44 Comments
- Unriggable, on 08/18/2008, -0/+25The sad thing is that many of these couldve come so much sooner, if it weren't for such severe budget cuts to NASA.
- dha07030, on 08/18/2008, -1/+11Yeah ***** earth, gravity and the atmosphere are overrated imo.
- Sornos, on 08/19/2008, -0/+9Just imagine the Apollo program was never retired. Or if the original Orion project had funding.
- Sornos, on 08/19/2008, -0/+7It's pretty ***** big considering we shot it up in pieces and built it while it was falling.
- ghidorahnotweak, on 08/18/2008, -0/+6I want my orbital and I want it now.
- 15thPD, on 08/19/2008, -0/+6I think space exploration should be one of our biggest goals, and faster-than-light travel would be the most important of all human inventions. Achieving this could literally lead to a new era in human development. NASA is the last organization that should have their funding cut.
- shutaro, on 08/18/2008, -0/+5Really! Who needs oxygen, anyways?
- BuckNutty, on 08/18/2008, -0/+5Build me the bridge of the Galactica and I'm there.
- ABadPerson, on 08/19/2008, -1/+6The ISS is tiny, please don't call it massive, it is a humble little beginning lets just call it that.
- spectre_25gt, on 08/19/2008, -0/+4+1 for thinking outside the box
- CColtManM, on 08/19/2008, -0/+4Shows like Enterprise (in the first season at least) showed the realistic availablility of metals and materials to build a small ship.
Also, I'll never forget the quote in First Contact, where the black woman from Earth is on the Enterprise and she says, "It took me 2 years of scraping enough metal (the good metal) to build the cockpit of the Pheonix." - tschau, on 08/19/2008, -0/+4A part of me wants to call you crazy.
But it's people like you who have really good ideas sometimes. - tschau, on 08/19/2008, -0/+4It's 191 feet long and 240 feet wide (counting the solar arrays). That's pretty dang big to have launched into space. It's not the science fiction from the movies and books, but those are just that - fiction.
- zooey1234, on 08/19/2008, -1/+4DEXTRE is CANADIAN! I am CANADIAN! I actually worked on the original designs of this (called SSRMS, Space Station Remote Manipulator System) and it nowhere looked near as monstrous as it does now. The original one was based more on the Canadarm but had two end effectors (the Canadarm only has one) that would allow it to "walk" in space. I'm glad to see there has been great technological advances since its inception.

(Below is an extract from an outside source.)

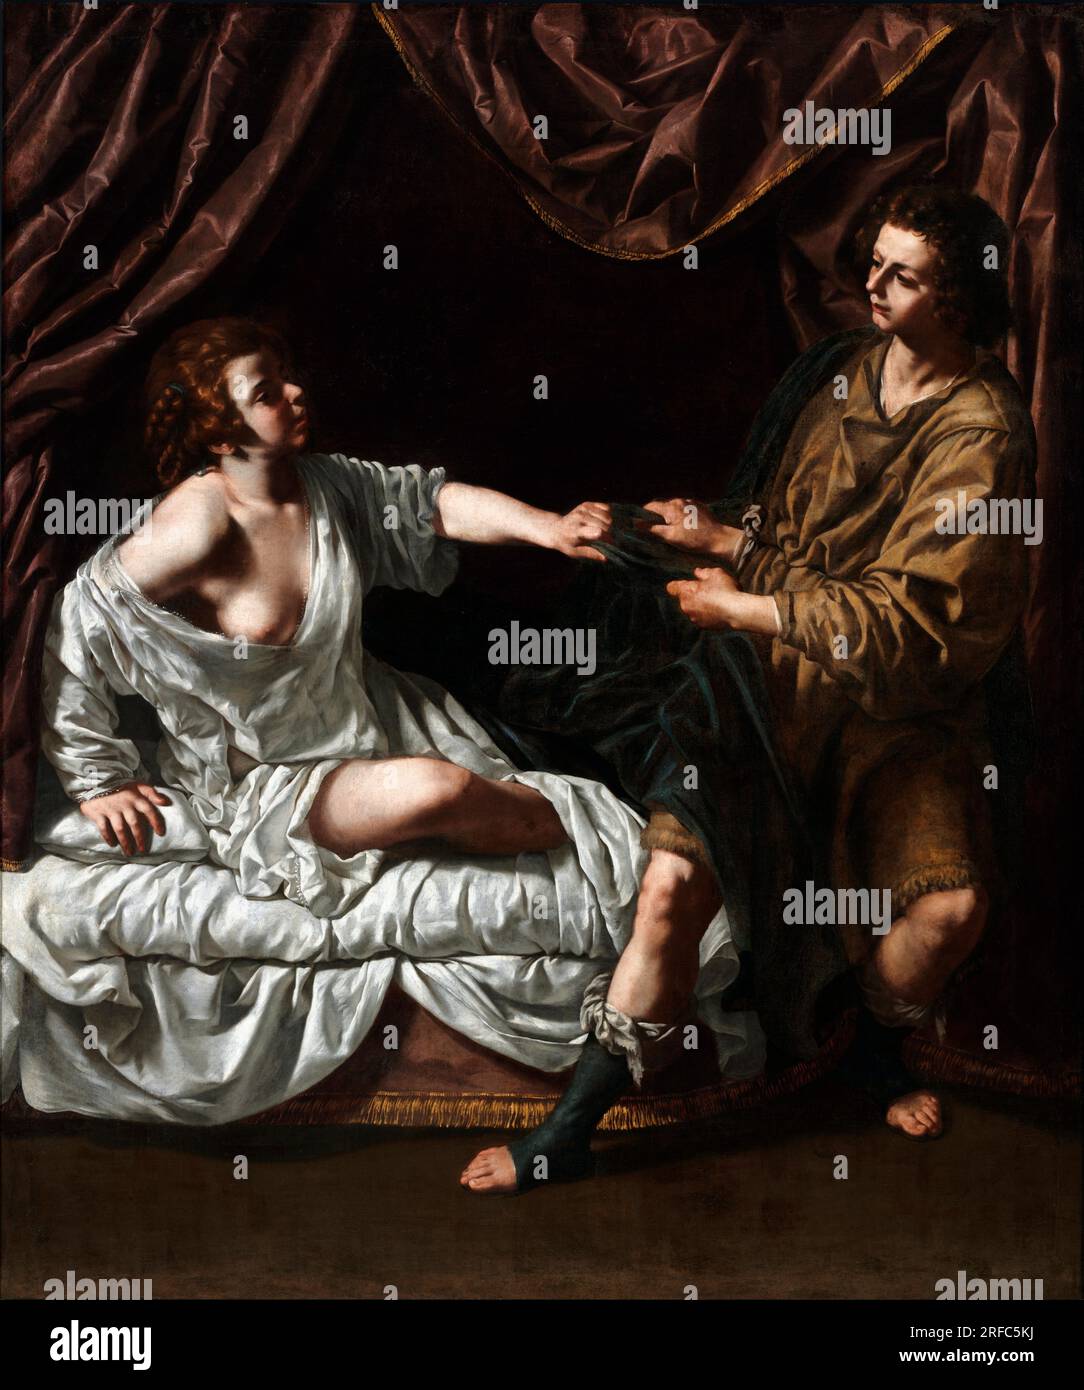 Joseph und Potiphars Frau von Paolo Domenico Finoglia oder Finoglio (ca. 1590-1645), Öl auf Leinwand, ca. 1640 Stockfoto

- bosssmiley, on 08/19/2008, -0/+3Smart-ass magnetosphere! Taking it upon itself to protect us from solar radiation, like it's doing us a favour or something...
Deep Space: stark, majestic, deadlier than anything on our jewel of a planet. - MacSuxWindozSux, on 08/19/2008, -0/+3The plans are not in the main computer!
- morepinklemons, on 08/19/2008, -0/+3I find it funny that sci-fi which served as a sort of prediction of the future is turning out more like a rough blueprint for what we want to do with the future.
- smurfsahoy, on 08/19/2008, -0/+2Problem - if it's close enough to the sun to melt all those alloys, why wouldn't it be close enough to melt your attitude thrusters, or any spaceship that gets close enough to retrieve the thing when you're done?
- baseballbear, on 08/19/2008, -0/+2still waiting on the dyson sphere
- Telmarine, on 08/19/2008, -0/+2HOW WILL WE BUILD TEH DEATH STAR?
- 15thPD, on 08/22/2008, -0/+1We would have to reach hundreds of times the speed of light to visit the nearest stars in our galaxy.
- bosssmiley, on 08/19/2008, -0/+2Now *that* starts to convey just what a magnificent piece of work the ISS actually is. It might be the 'first log canoe' of orbitals; but it's still a stunning achievement in and of itself.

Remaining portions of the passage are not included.